Erst relativ spät unternimmt Leitner den Versuch, eine systematische Grundlegung seines Fachgebietes zu geben. 1919 erscheint seine „Privatwirtschaftslehre der Unternehmung”, die 1926 von der 5. Auflage ab den Titel „Wirtschaftslehre der Unternehmung” erhält. Sie wird zwölf Jahre später (1931) als Frucht einer tiefschürfenden methodologischen Besinnung ergänzt durch eine programmatische Abhandlung unter der für Leitners wissenschaftstheoretischen Standpunkt überaus charakteristischen Bezeichnung „Renaissance der Privatwirtschaftslehre”. Man sieht daraus, wie zögernd und ernsthaft der Forscher an die letzte entscheidende Orientierung seiner Grundauffassungen herangegangen ist. Daß sich Leitner in den Jahren 1923/24 mehrfach zu den aktuellen Themen der Geldentwertung und Umstellung auf Goldmark äußert, entspricht der Lebensnähe und praktischen Bezogenheit seiner ganzen Arbeitsweise, die alle Veröffentlichungen Leitners kennzeichnet und ihre Tiefenwirkung in der Wirtschaft weithin hervorgerufen hat.
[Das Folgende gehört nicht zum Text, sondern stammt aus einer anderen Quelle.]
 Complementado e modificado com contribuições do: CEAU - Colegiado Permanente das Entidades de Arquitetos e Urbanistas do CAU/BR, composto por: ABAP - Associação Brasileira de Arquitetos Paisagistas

1927 kehrt Leitner in gewissem Sinne zum Start seiner Forschungstätigkeit zurück und verfaßt in der angesehenen Sammlung Göschen einen Band über „Finanzierung der Unternehmungen”. Noch als Emeritus gibt er 1944 eine Überschau über die „Wirtschaftslehre des Industriebetriebes”, von der er selbst sagt, daß er sie unter dem Einfluß der Weisheit des Laotse geschrieben habe: Klar sieht, wer von ferne sieht.
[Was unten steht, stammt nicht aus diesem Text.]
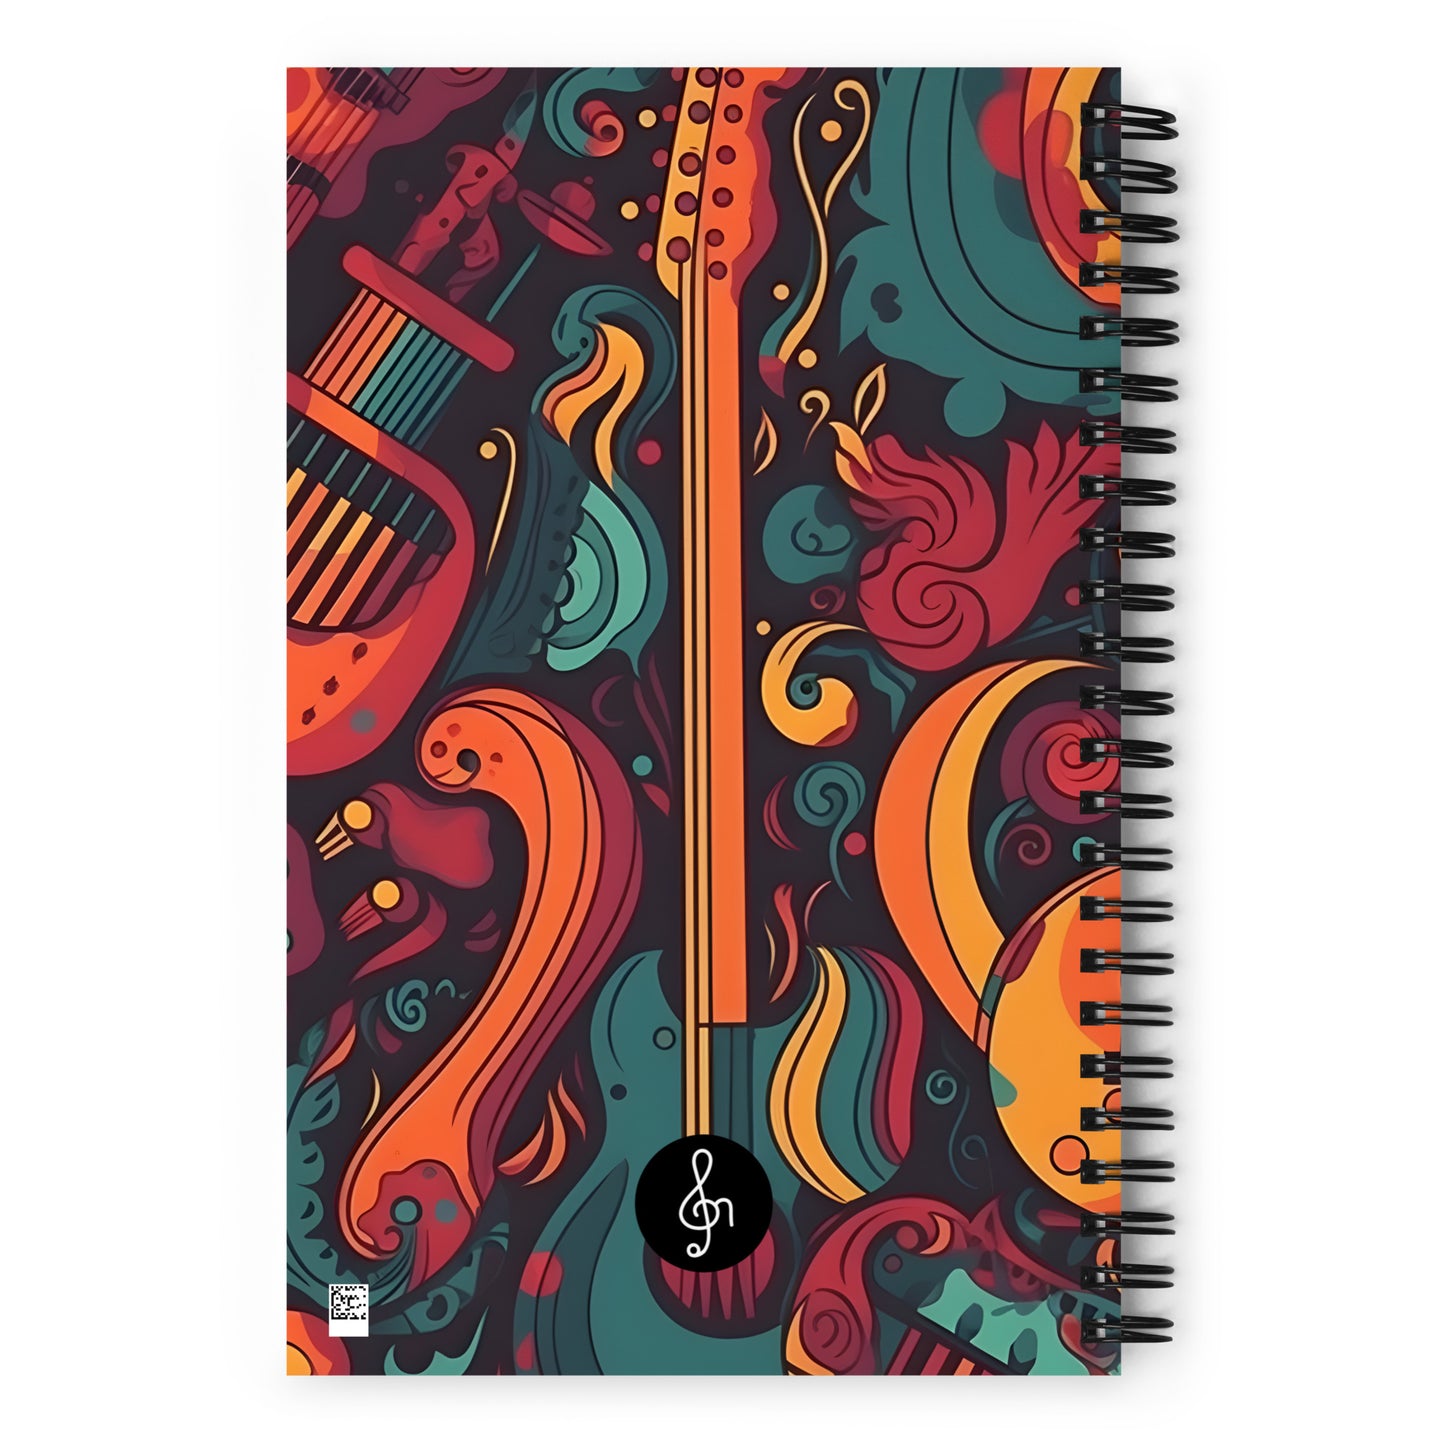 Spiral Notebook Retro 1

Leitner ist der ausgeprägte Vertreter einer methodologischen Forschungsrichtung in der Betriebswirtschaftslehre, die Schönpflug treffend als die empirischrealistische bezeichnet hat. Er geht von der mit unmittelbarer Evidenz gegebenen Wirklichkeit wirtschaftlichen Geschehens als realitas formaliter im Sinne Descartes’ aus und macht sie zum alleinigen Gegenstande seiner Erkenntnisziele. Daher ist Leitner ständig bemüht, seine Forschungsergebnisse, wie er selbst sagt, praktisch-empirisch und konkretisierend zu begründen, d.h. durch ausgedehntes Tatsachenmaterial und umfassende Detailuntersuchungen in der Wirtschaftspraxis zu untermauern. Einer gedachten Wirklichkeit als realitas objective steht er neutral gegenüber. Wenn ihre Existenz auch nicht bestritten wird, die logische Möglichkeit einer metempirischen Welt auch zugestanden wird, so liegt sie nach Leitner doch außerhalb der wissenschaftlichen Sphäre der Fachdisziplin.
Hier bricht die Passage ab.